Intervention de Marie-Noëlle Lienemann

Commission des affaires économiques — Réunion du 8 juillet 2020 à 9h30
Marché intérieur économie finances fiscalité — Évolution de la politique européenne de concurrence - examen du rapport et de la proposition de résolution européenne

Photo de Marie-Noëlle LienemannMarie-Noëlle Lienemann :

Je suis un peu embarrassée, parce que le rapport s'inscrit dans le cadre du traité actuel. Or, j'estime que la situation est très grave pour la France, vu les déséquilibres intra-européens dans les échanges, en particulier en termes industriels, et que notre faiblesse découle largement des conditions actuelles du marché unique. On évoque beaucoup la concurrence mondiale et la Chine mais, en France, ce sont surtout des délocalisations intra-européennes qui nous ont pénalisés, notamment dans l'automobile : nous parlons de libre concurrence alors que nous constatons un dumping social et fiscal extrêmement défavorable à notre pays. Les Allemands ont fait un meilleur choix stratégique, qui consiste à travailler avec leur Hinterland, avec les pays de l'Est, pour ce qui est des faibles coûts, tout en conservant chez eux une partie des centres décisionnels, stratégiques ou technologiques.
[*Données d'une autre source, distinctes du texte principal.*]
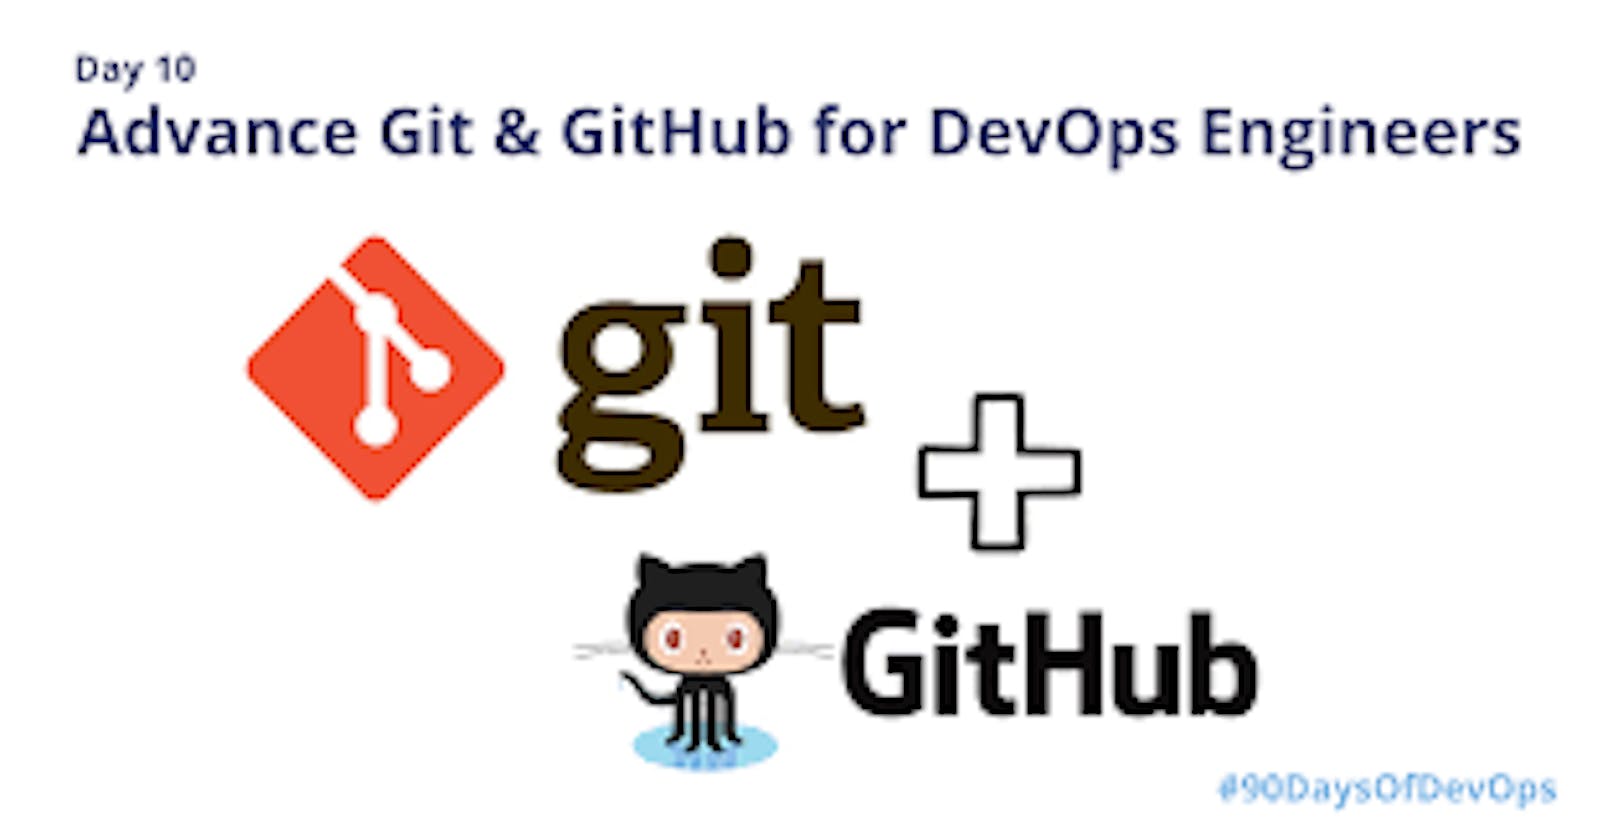 Day 10 Advance Git & GitHub for DevOps Engineers.

Je déplore aussi l'insuffisante prise en compte du concept de service public. La notion de services d'intérêt économique général (SIEG) organise en fait un système de concurrence, alors que notre histoire nous conduit à penser que le service public doit constituer un tout, où les profits doivent servir aux investissements d'avenir ou à des politiques sociales. Enfin, les conditions actuelles de la commande publique, qui nous obligent à faire des appels d'offres pour des productions qui ne sont pas locales, ne favorisent pas un développement de proximité, et obèrent notre capacité à soutenir des secteurs stratégiques.

Si l'on ne fait pas du rééquilibrage des échanges à l'intérieur de l'Union européenne le préalable à toute discussion des règles de concurrence, nous n'allons faire qu'accroître des déséquilibres gravissimes. Et si la France continue à s'affaiblir pendant que l'Allemagne continue à dominer, la conséquence politique sera un éclatement de l'Union européenne et du projet européen. Ce rapport, quoiqu'intéressant, n'est pas à la hauteur de la gravité des déséquilibres actuels du marché intérieur.